Given material:
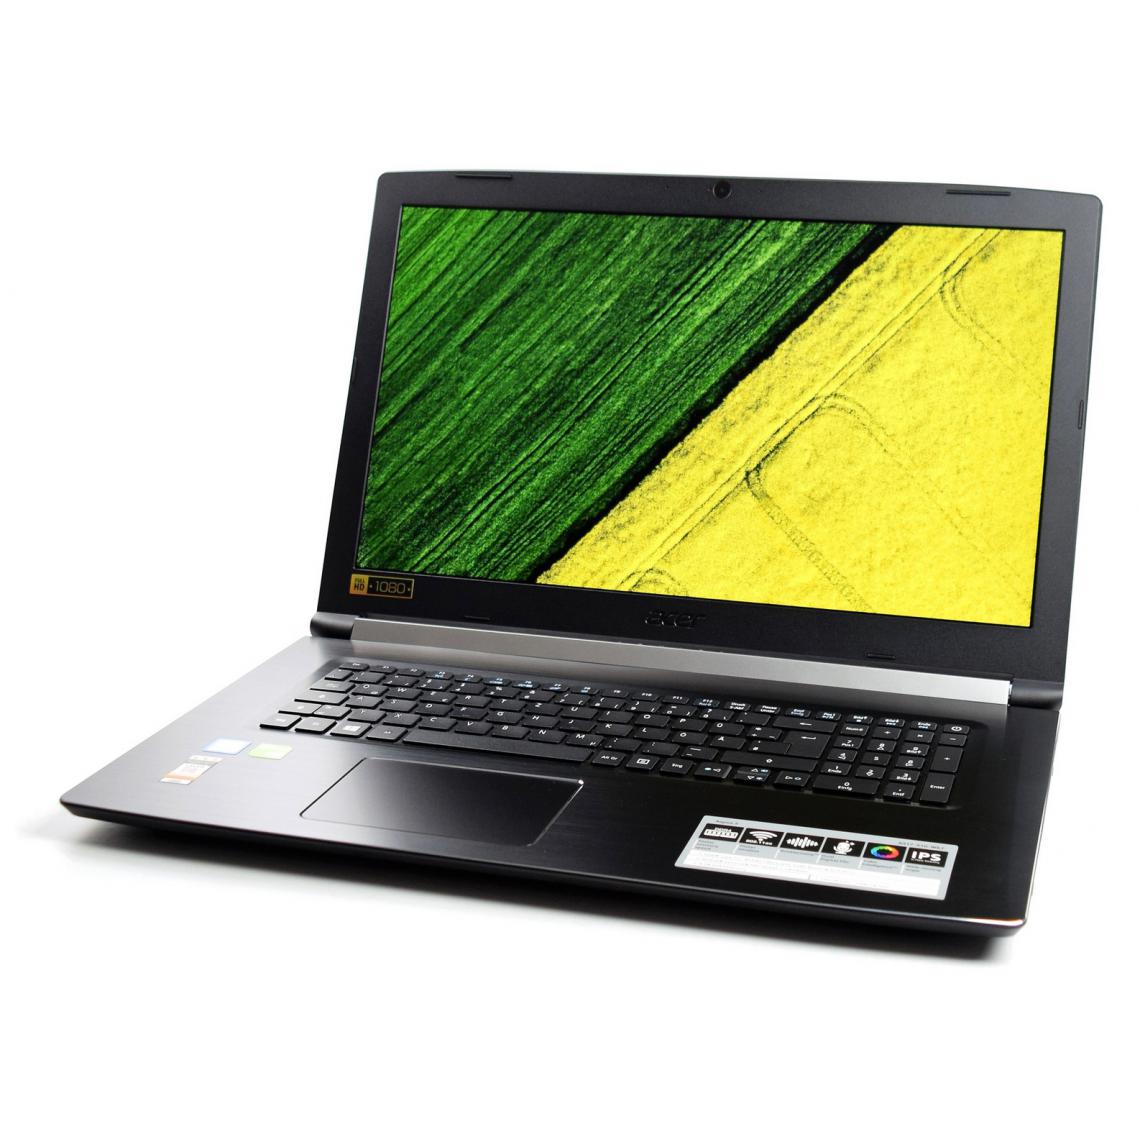 Acer - Aspire A517-52-34PS i3-1115G4 Aspire A517-52-34PS Intel Core i3-1115G4 17.3p FHD IPS 4Go 256Go PCIe NVMe SSD Intel HD Graphics W10H 3a - PC Portable
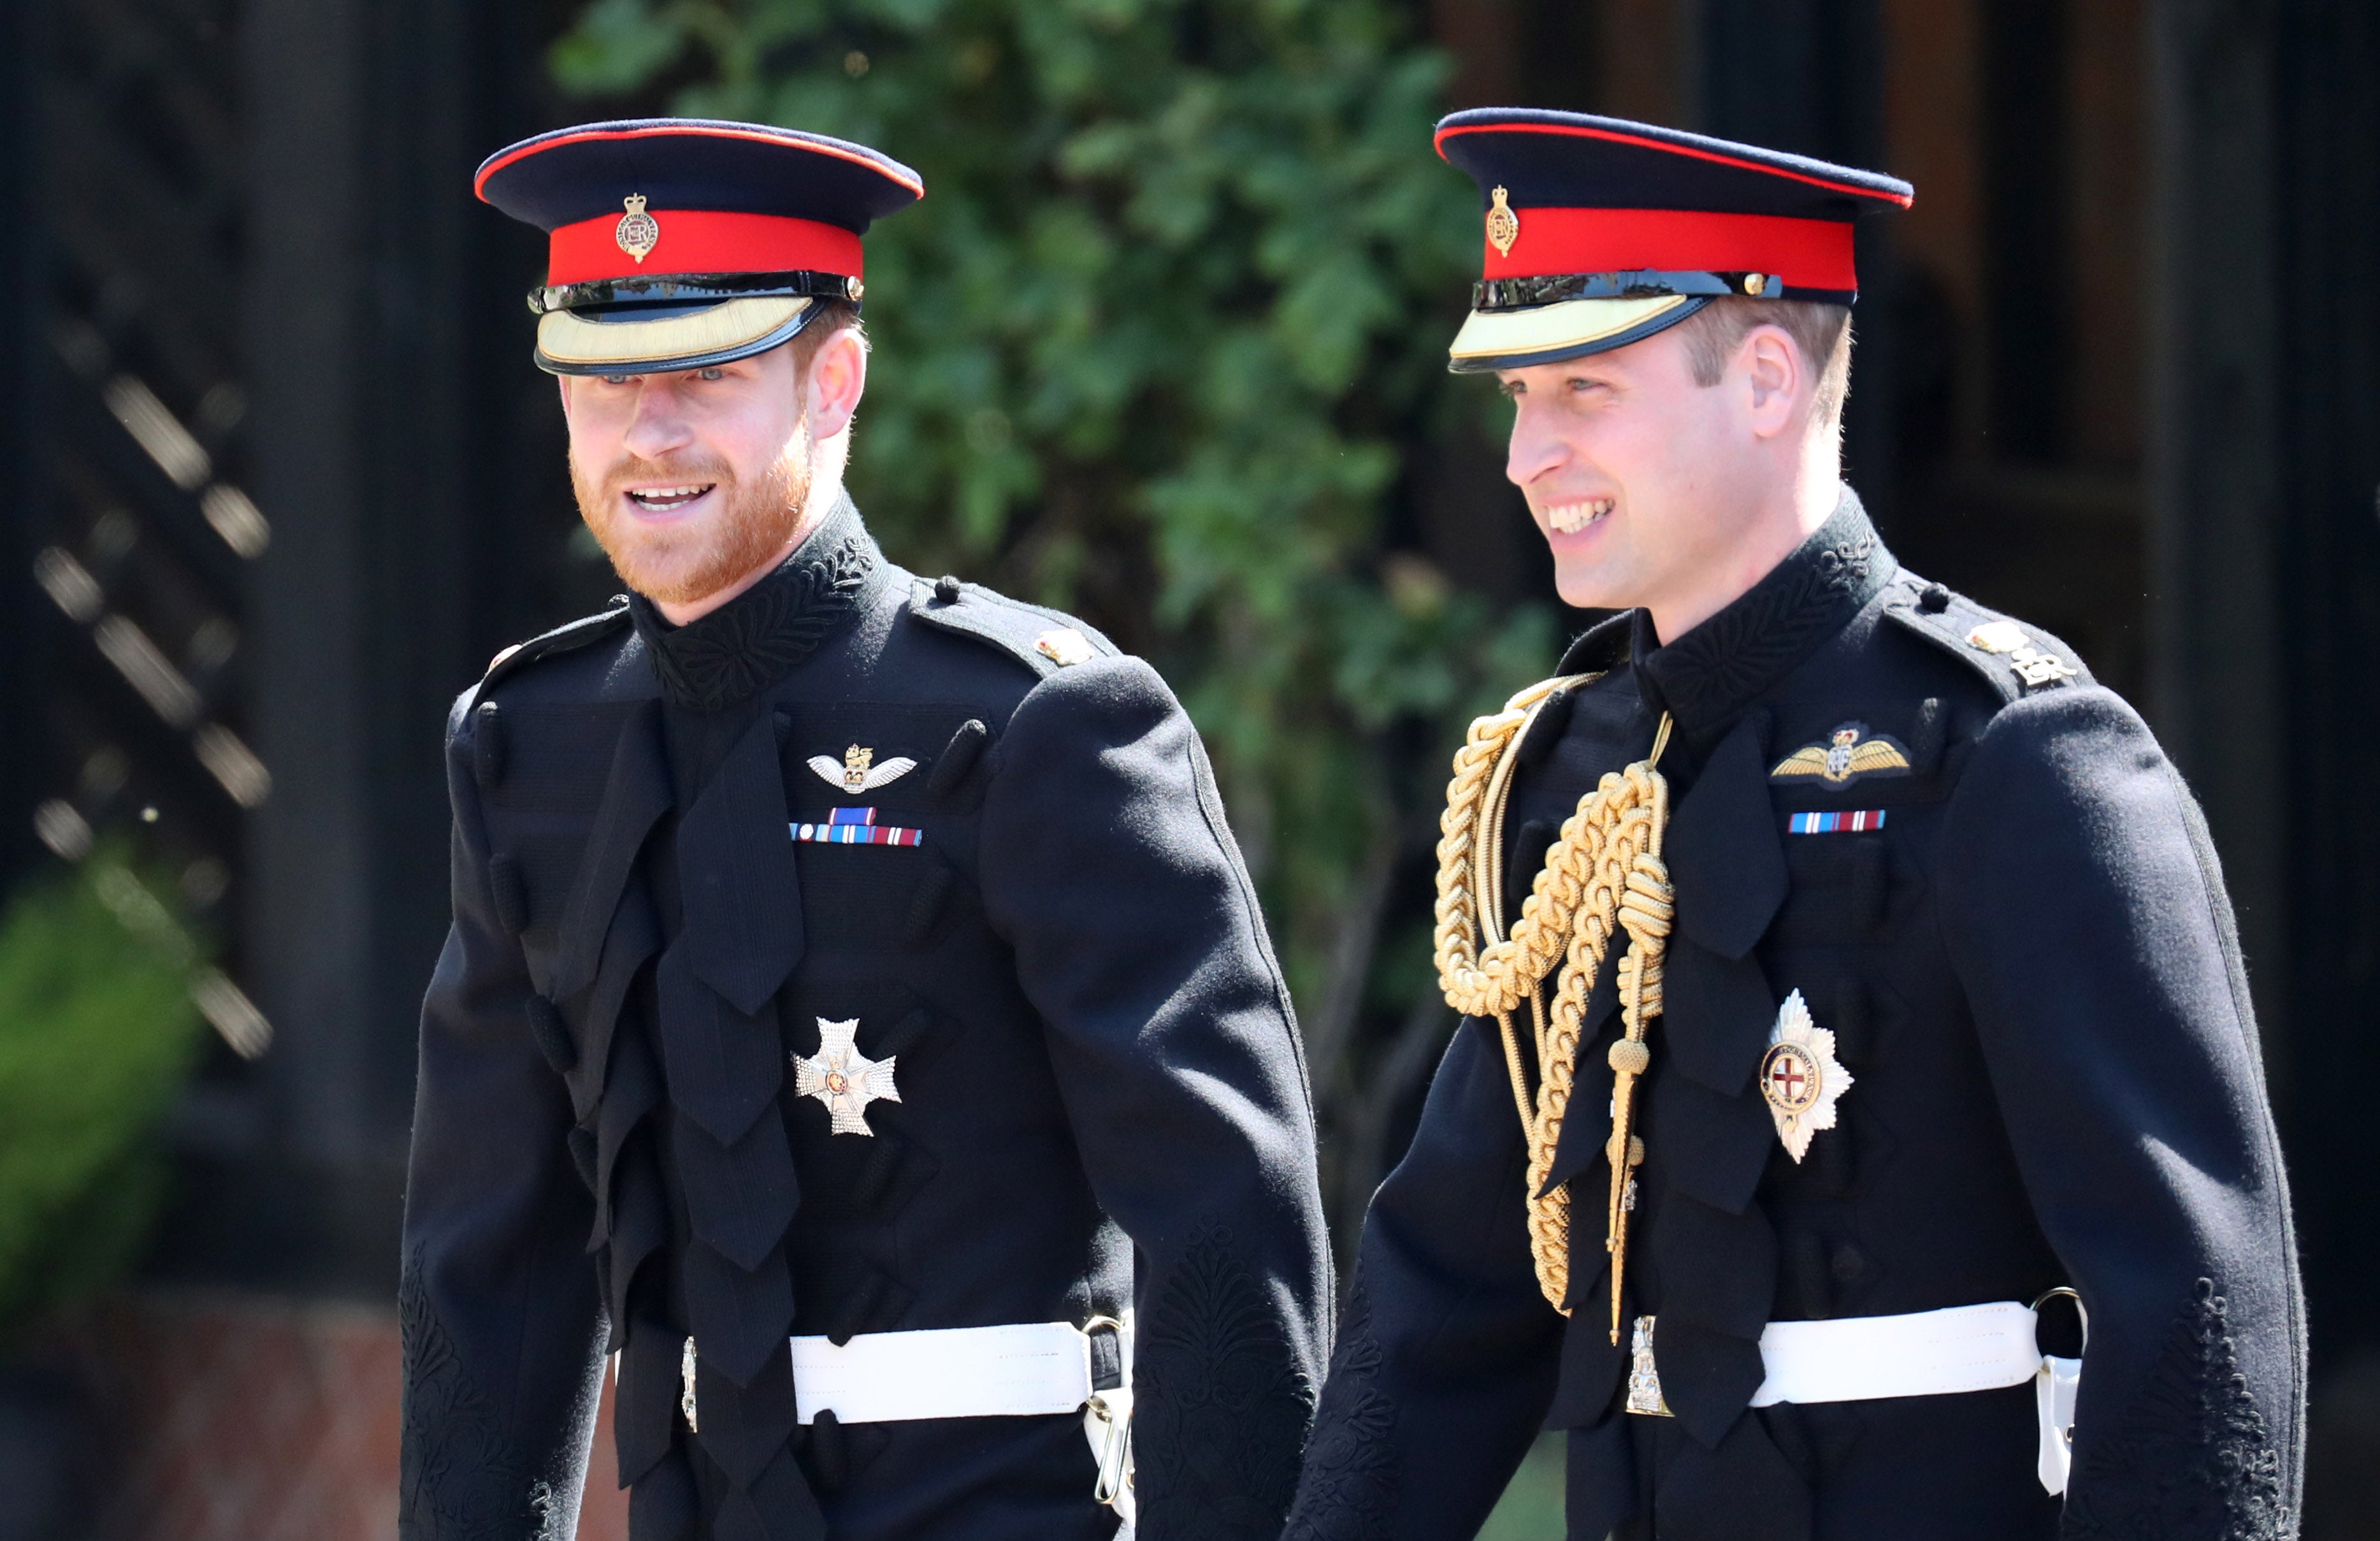 Prince Harry and the Prince of Wales at the former’s wedding in May 2018
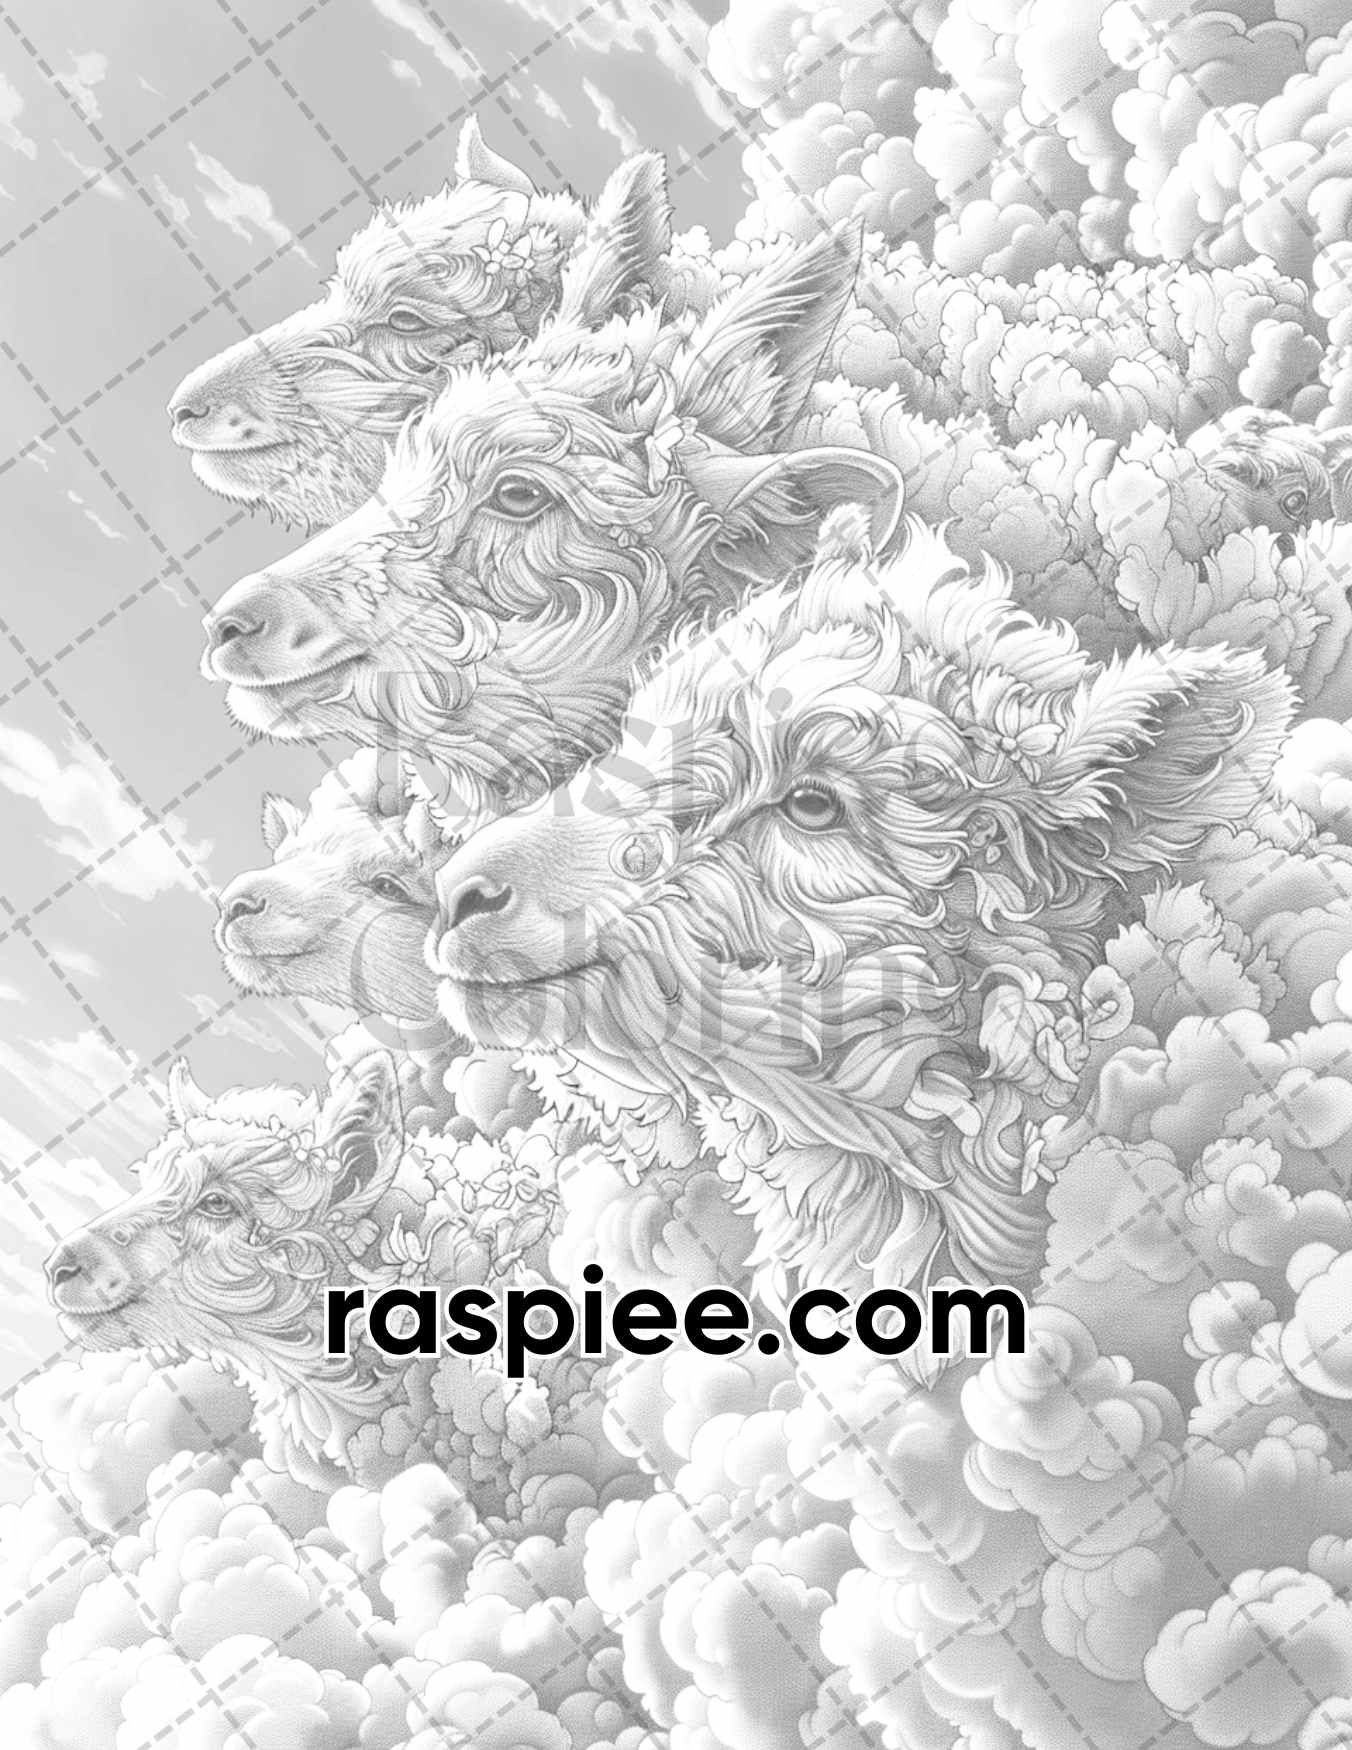 adult coloring pages, adult coloring sheets, adult coloring book pdf, adult coloring book printable, grayscale coloring pages, grayscale coloring books, animal coloring pages for adults, animal coloring book, grayscale illustration, fantasy coloring pages, fantasy coloring book

Instructions to follow: Give an exact copy of the data, and omit any pictures it holds.

Exercise output:
 Acer - Aspire A517-52-34PS i3-1115G4 Aspire A517-52-34PS Intel Core i3-1115G4 17.3p FHD IPS 4Go 256Go PCIe NVMe SSD Intel HD Graphics W10H 3a - PC Portable
 Prince Harry and the Prince of Wales at the former’s wedding in May 2018
 adult coloring pages, adult coloring sheets, adult coloring book pdf, adult coloring book printable, grayscale coloring pages, grayscale coloring books, animal coloring pages for adults, animal coloring book, grayscale illustration, fantasy coloring pages, fantasy coloring book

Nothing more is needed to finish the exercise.